[PROVIDED RECORDS]

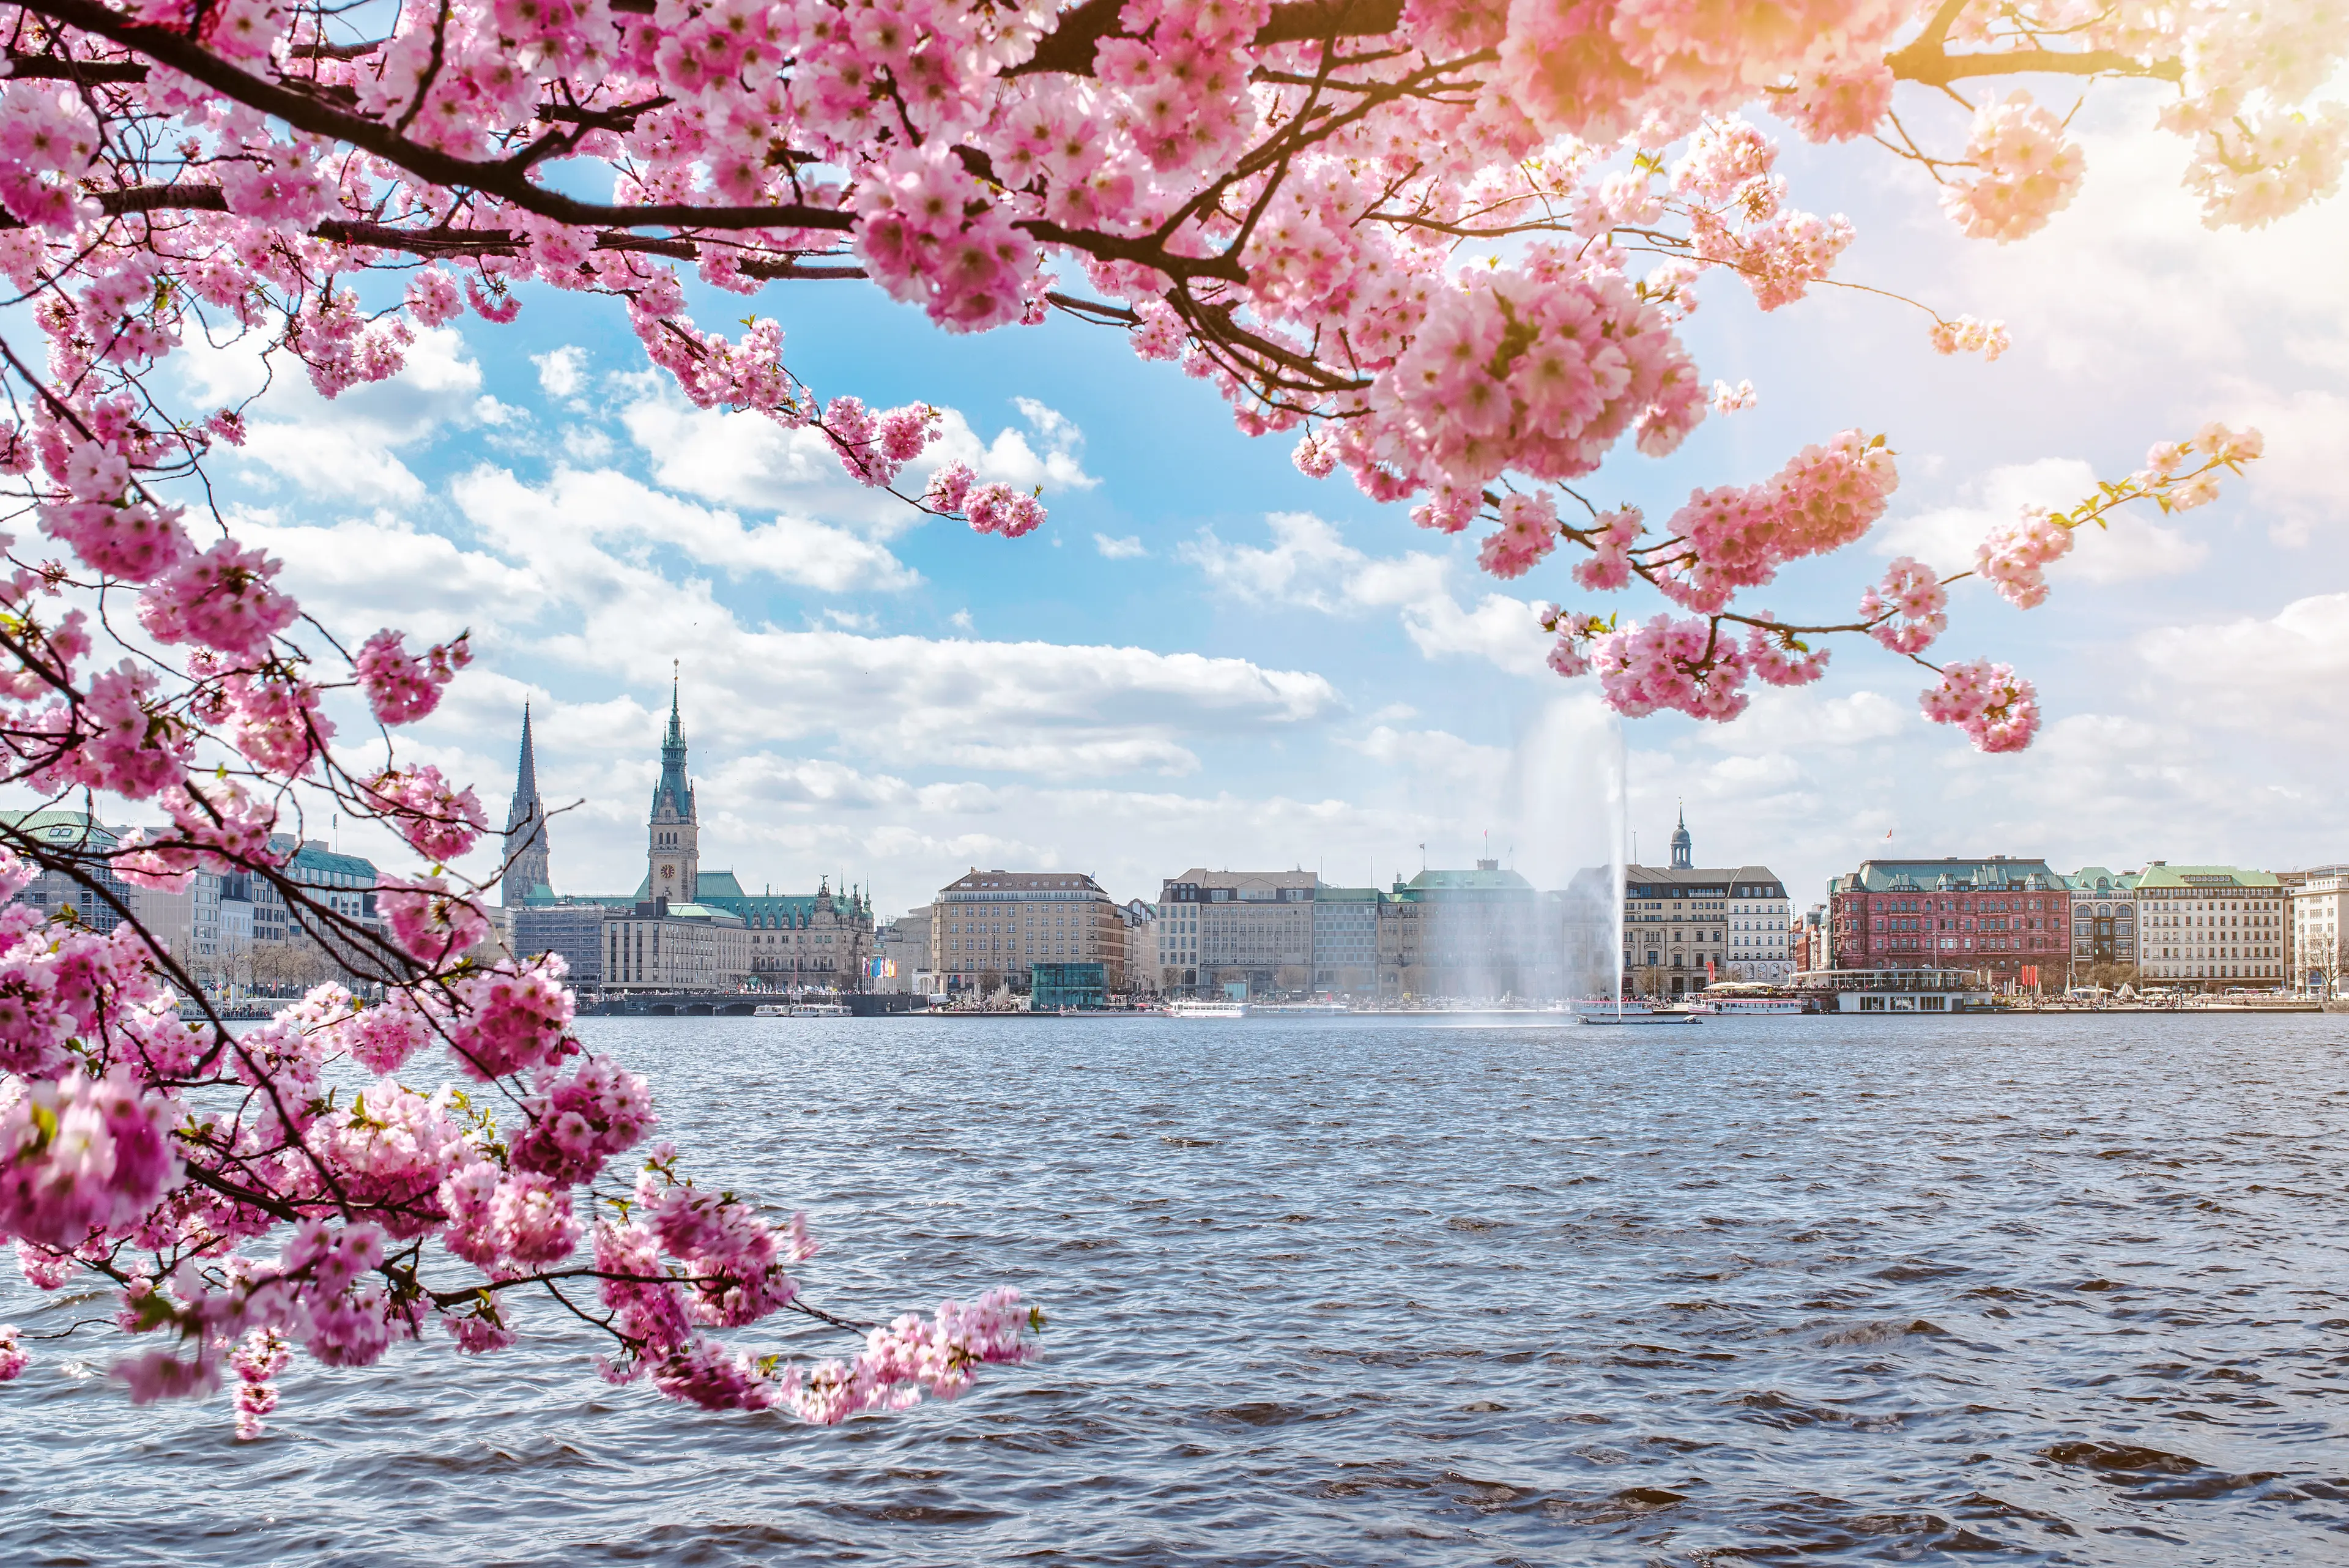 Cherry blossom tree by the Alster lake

[/PROVIDED RECORDS]
[PROVIDED RECORDS]

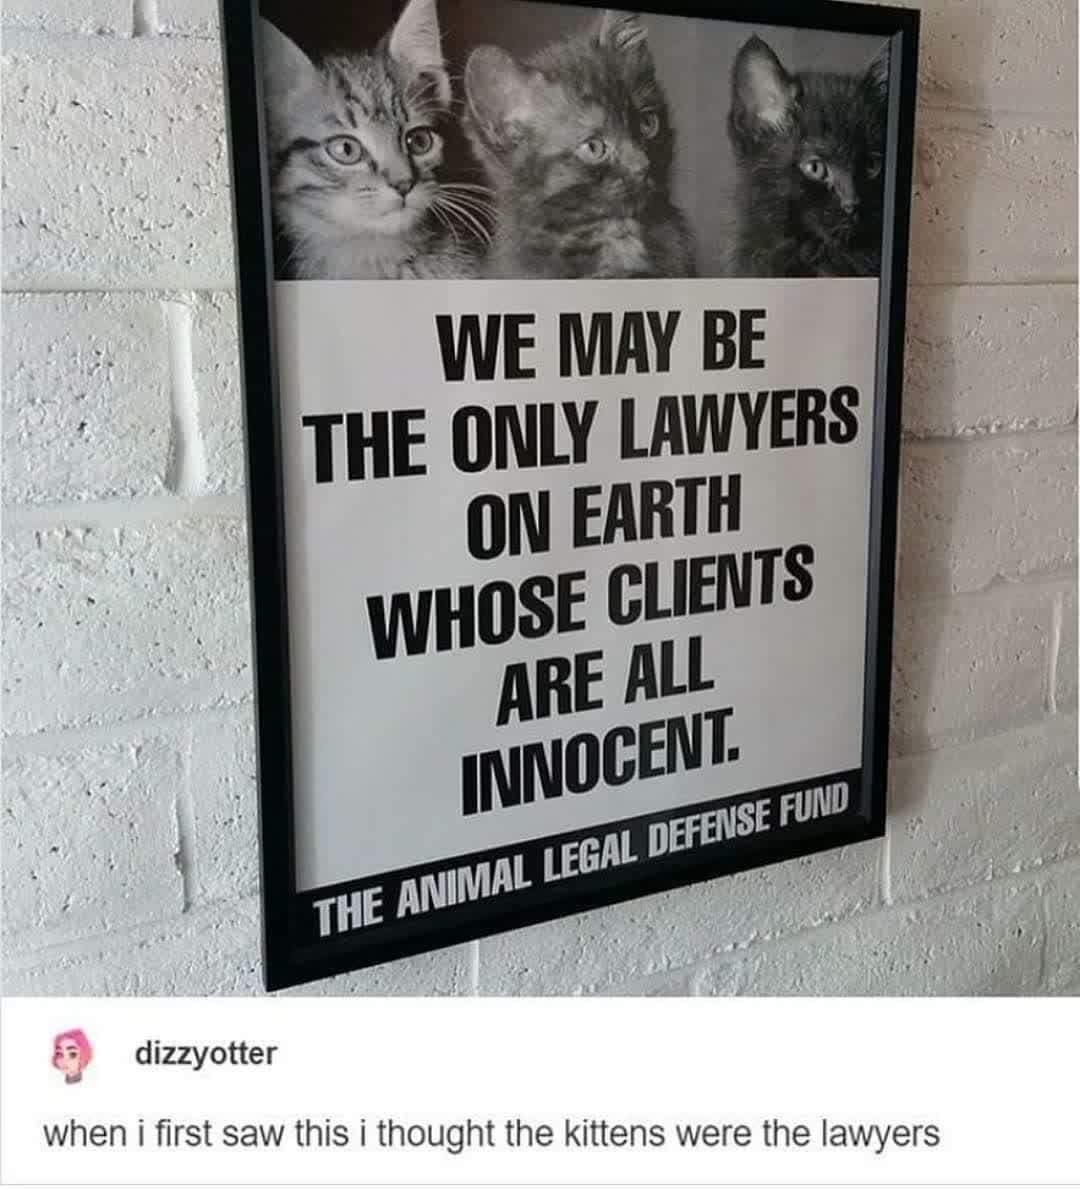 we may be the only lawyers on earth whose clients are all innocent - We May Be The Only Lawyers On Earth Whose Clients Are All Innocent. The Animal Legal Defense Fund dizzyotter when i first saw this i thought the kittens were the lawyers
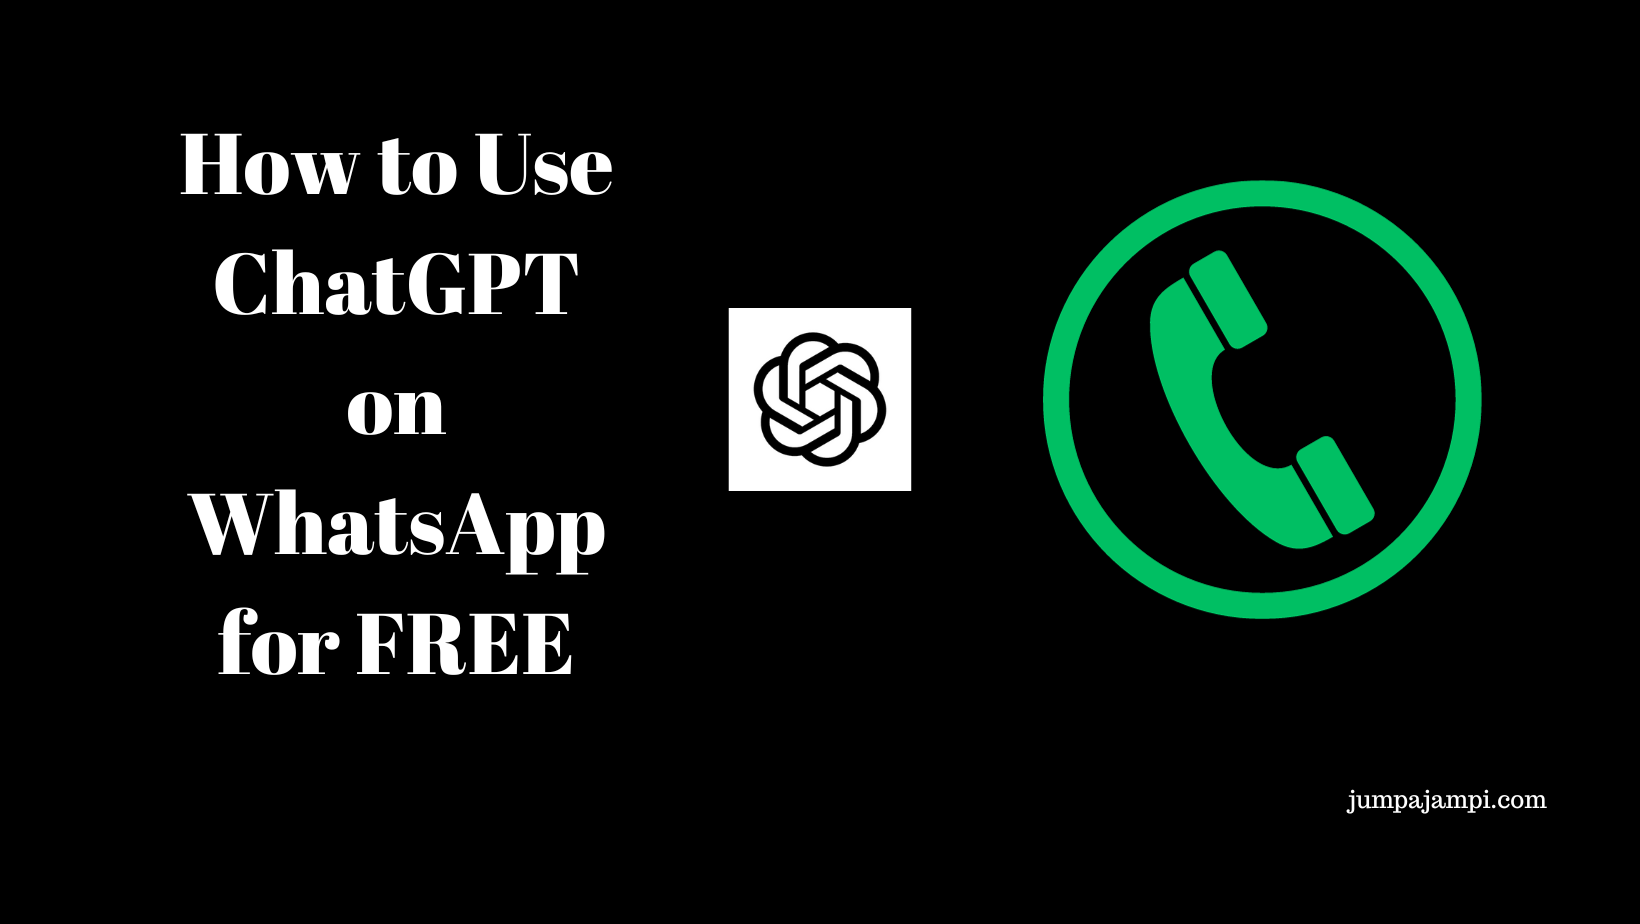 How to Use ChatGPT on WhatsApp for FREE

[/PROVIDED RECORDS]

**PROBLEM STATEMENT:**
Starting at the line containing "were the lawyers" and stopping at the line containing "How to Use ChatGPT on WhatsApp for FREE", output each line exactly as it appears above. Leave out the pictures.

**FINISHED TASK:**
 we may be the only lawyers on earth whose clients are all innocent - We May Be The Only Lawyers On Earth Whose Clients Are All Innocent. The Animal Legal Defense Fund dizzyotter when i first saw this i thought the kittens were the lawyers
 How to Use ChatGPT on WhatsApp for FREE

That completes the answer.